DATA SECTION>
◆ ◆ ◆ ◆ ◆ ◆ ◆
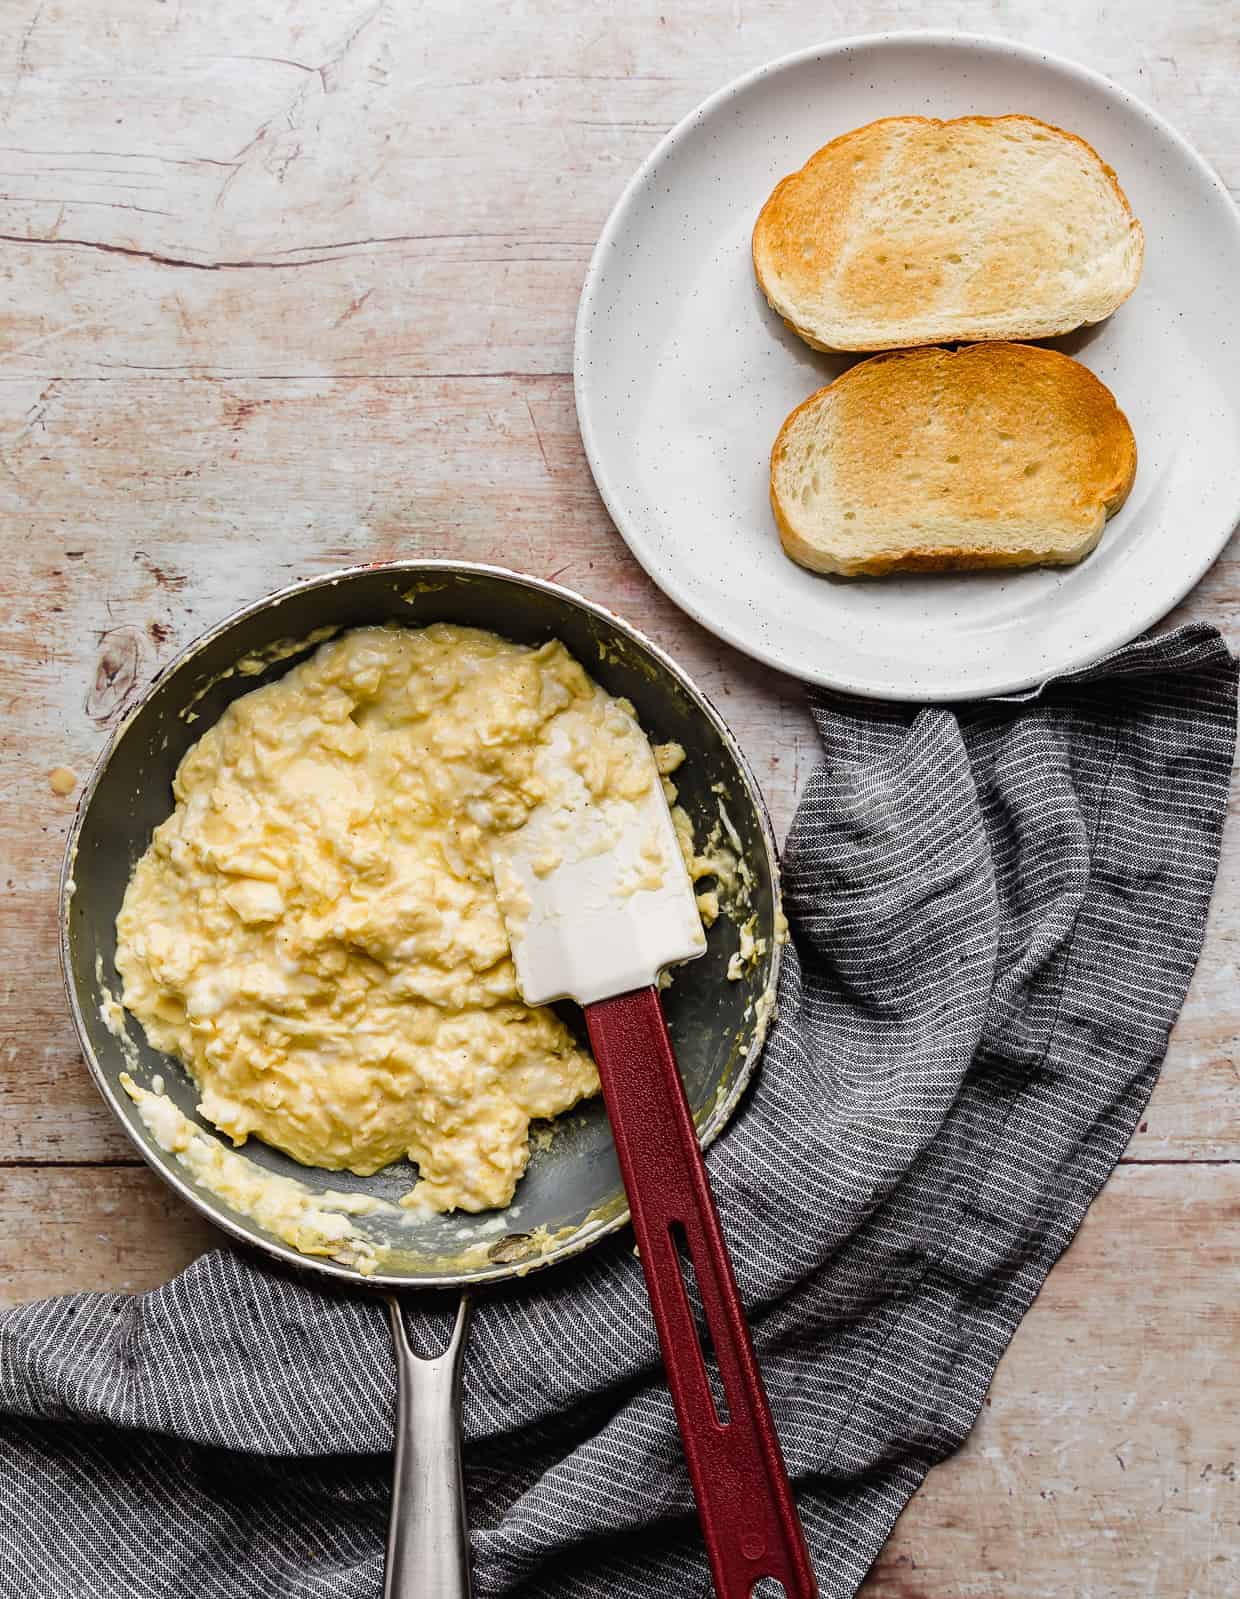 A skillet with scrambled eggs in it, and a plate with 2 toasted slices of bread on it. 
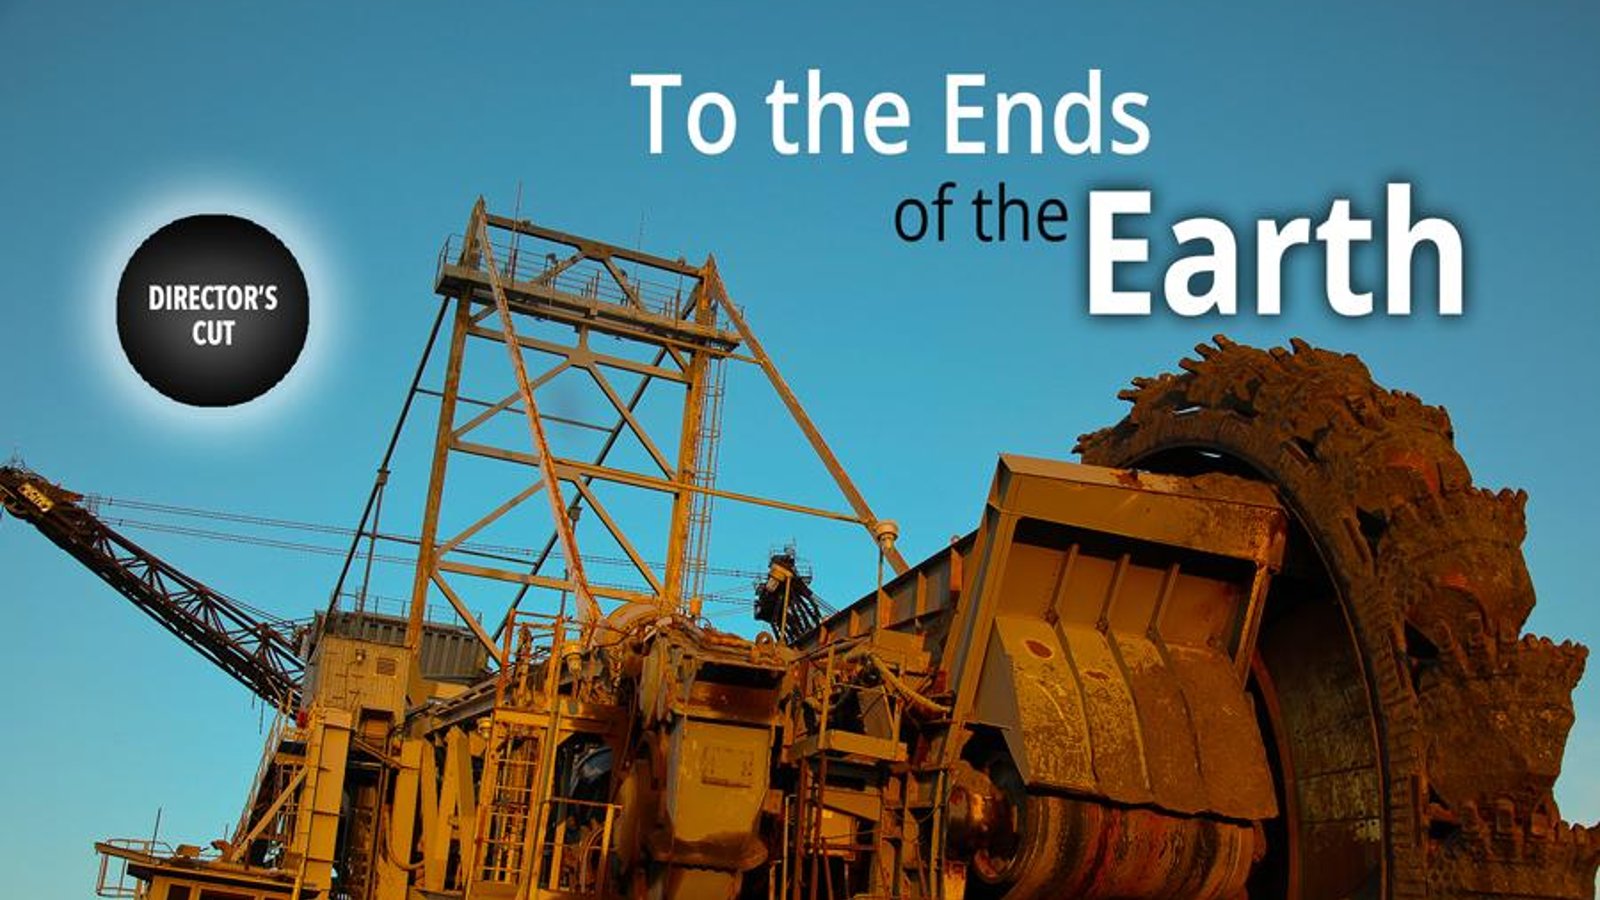 To the Ends of the Earth - The Rise of Extreme Energy
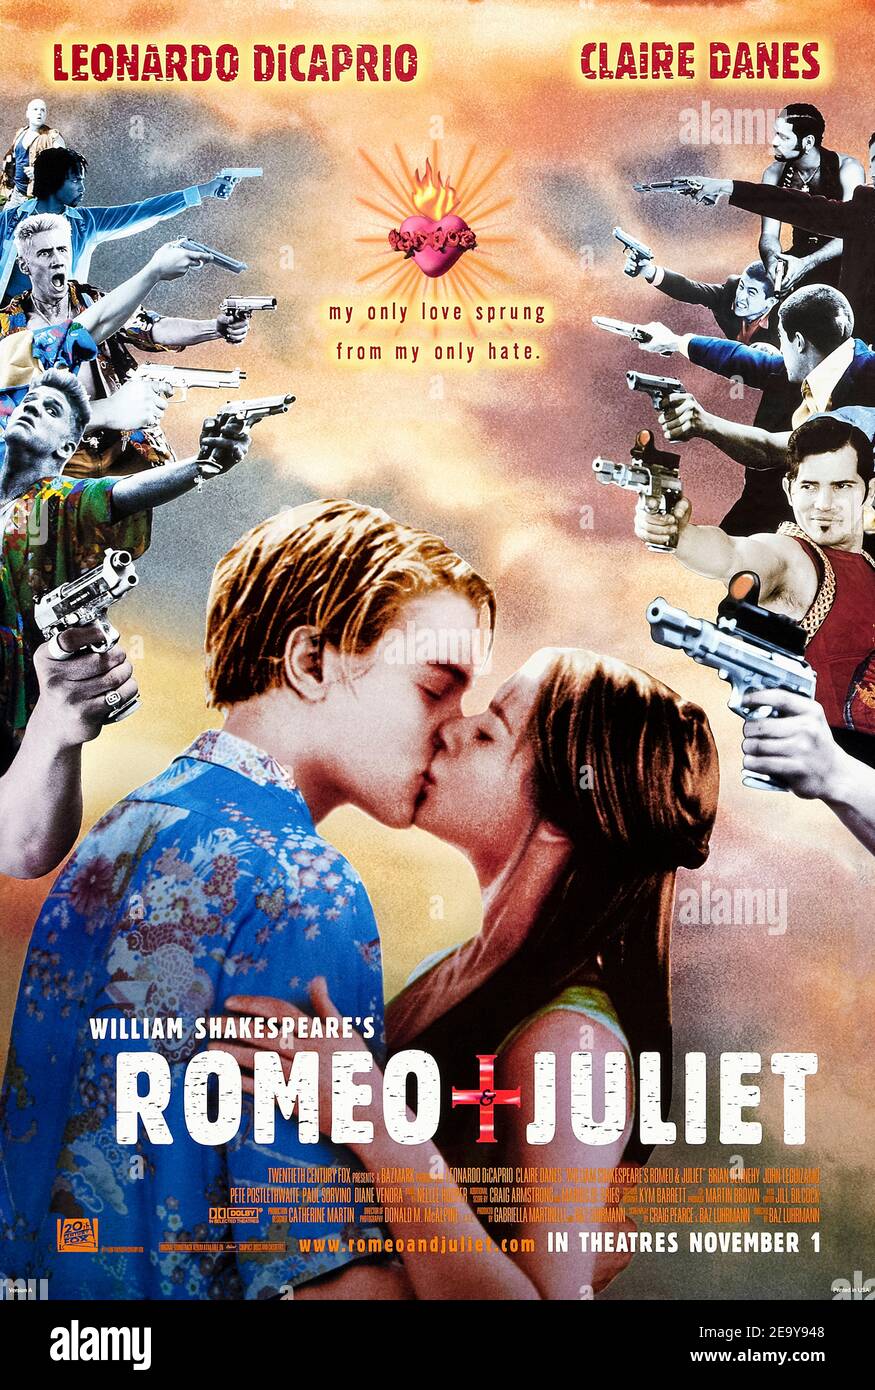 Romeo + Juliet (1996) directed by Baz Luhrmann and starring Leonardo DiCaprio, Claire Danes and John Leguizamo. Fantastic and fantastical adaptation of Shakespeare's play to a modern Verona whilst retaining the original language. Stock Photo
◆ ◆ ◆ ◆ ◆ ◆ ◆
ACTION ITEM> Transcribe all of the lines above exactly as given. The pictures stay out.

ANSWER TO THIS EXERCISE>
 A skillet with scrambled eggs in it, and a plate with 2 toasted slices of bread on it. 
 To the Ends of the Earth - The Rise of Extreme Energy
 Romeo + Juliet (1996) directed by Baz Luhrmann and starring Leonardo DiCaprio, Claire Danes and John Leguizamo. Fantastic and fantastical adaptation of Shakespeare's play to a modern Verona whilst retaining the original language. Stock Photo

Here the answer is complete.